Now you may be thinking, "Oh no, he is going to start on an AoC rant about how great it is," well I would love to, but that is not what the blog is about, what it is about is the way players manage to deal with their families while juggling the rigors of an MMO, and this is something I got a new insight into in the guild I joined.

The advantage of AoC when dealing with guilds is that adult gamers are not hard to find, with the adult themes and violence then many respectable parents will not let their kids play the game (or at least no knowing parents), this leads to numerous family orientated adults who in other games seem somewhat harder to find in the mix of youth. This was exactly what I found in my guild, a bunch of fathers and husbands.
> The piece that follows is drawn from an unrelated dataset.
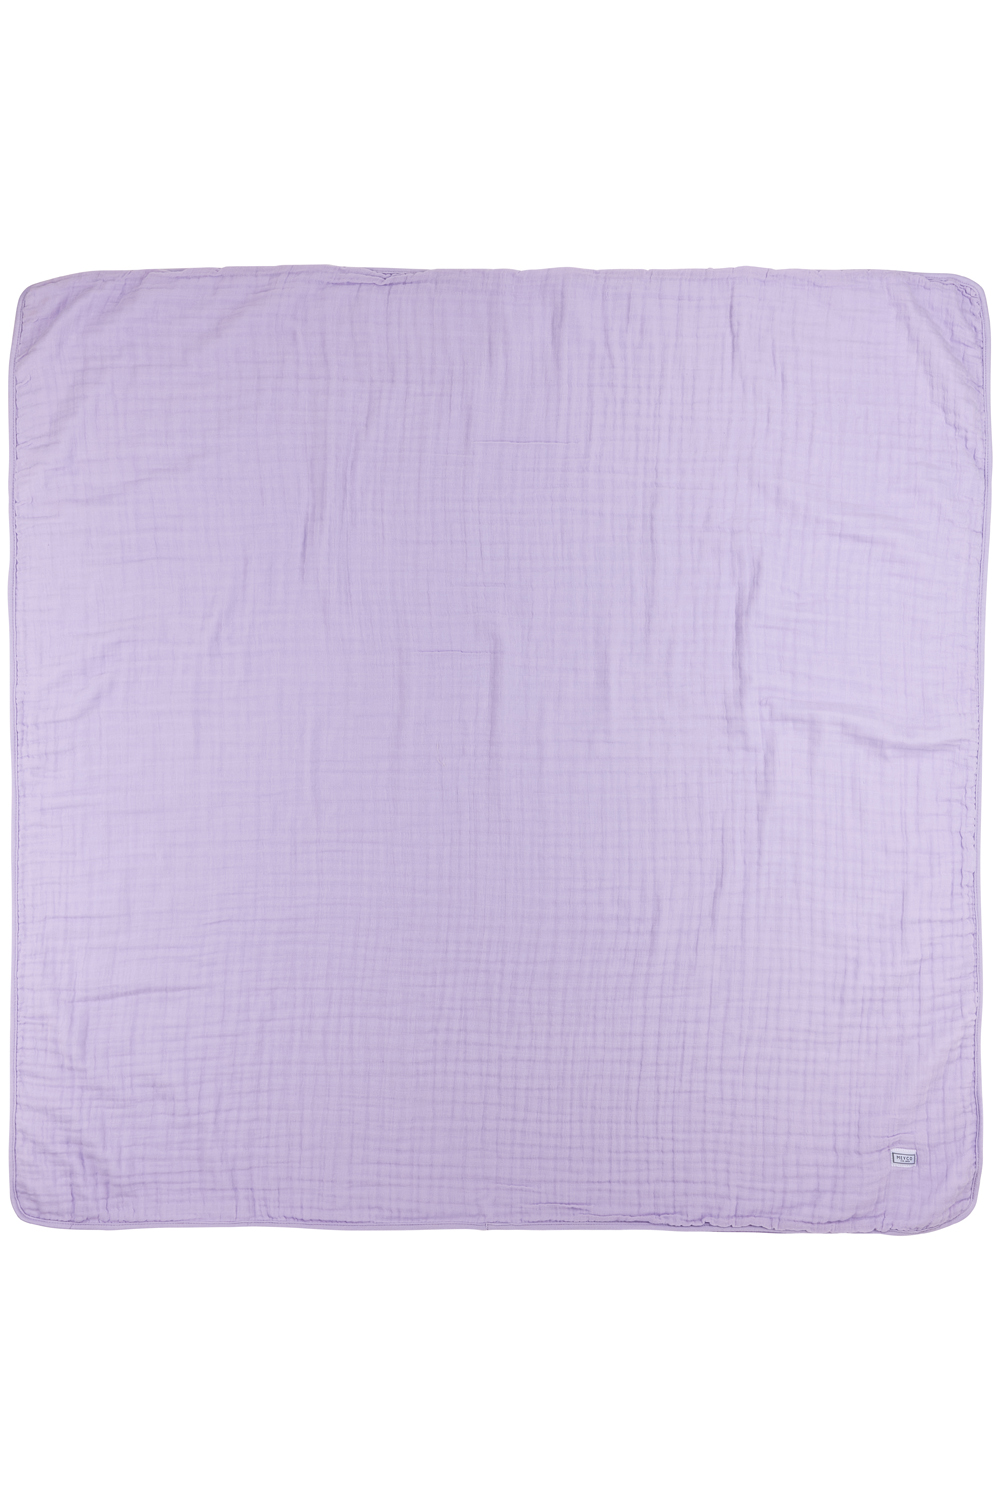 Muslin Multi Cloth Uni - Soft Lilac - 120x120cm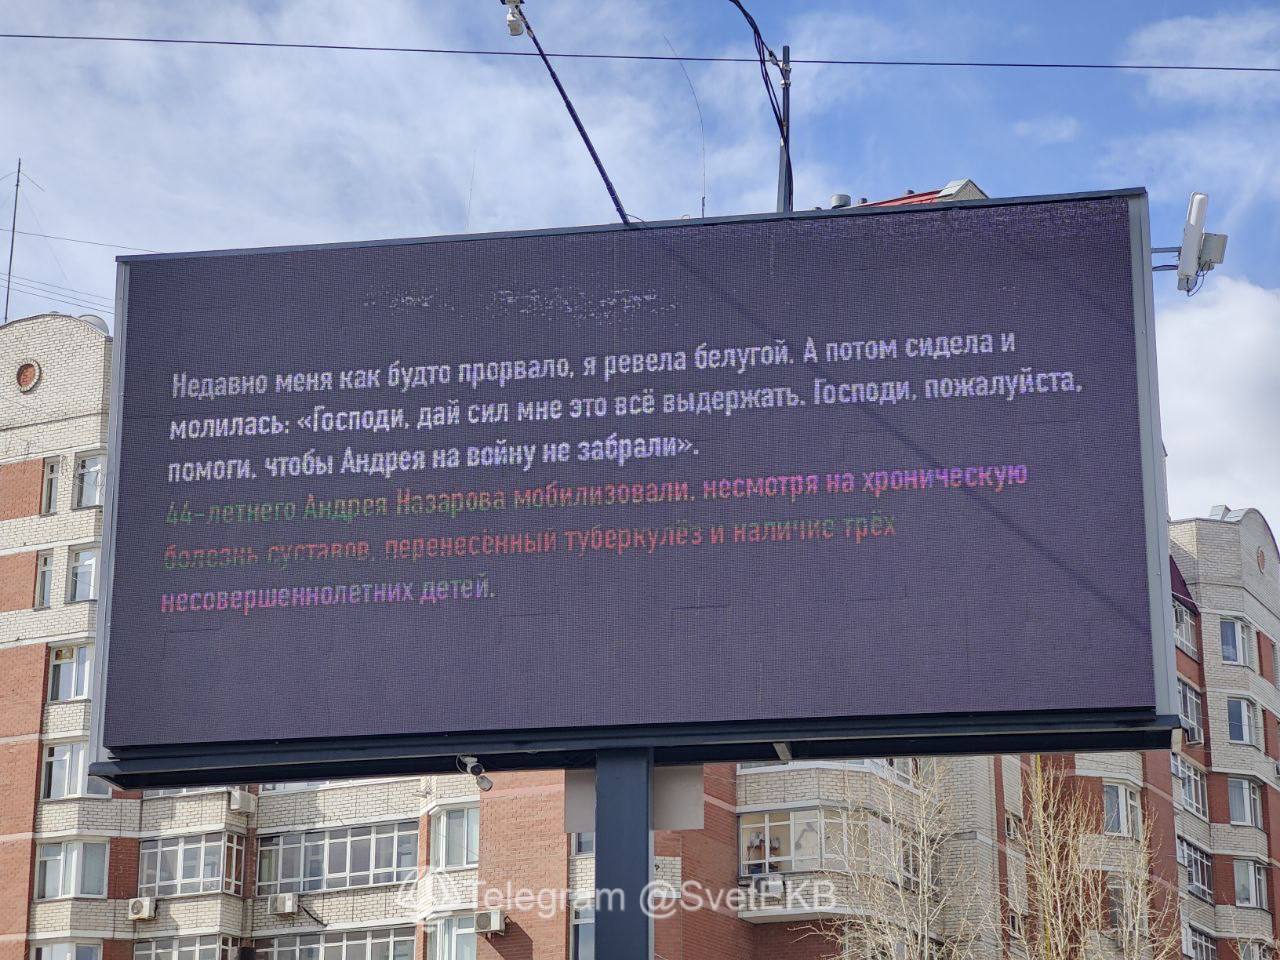 "Нас кинули як м'ясо, без прикриття": у Росії з'явилися рекламні щити з цитатами "мобіків" про реалії війни проти України. Фото

It is an amazing thing to be in a guild where you suddenly hear on vent a little toddler ask his father for dinner, it is even more amazing when that father says he has to leave to have dinner, it is triply more amazing when the rest of the guild is not annoyed, and in fact encourage it. Hearing spouses, kids, and friends in the background of vent is something I have not experienced before, and it feels odd.

The oddity comes in that the guild family extends further than the game, when you realise that each player has a family, friends and spouses you think of the guild being much larger than it really is. While a good guild often looks after its members, a mature guild looks after its family, whether that be in the game, or encouraging them to have a normal life. Appreciating that the wellbeing of your guild also involves the relationships outside the game is something I think many younger gamers forget.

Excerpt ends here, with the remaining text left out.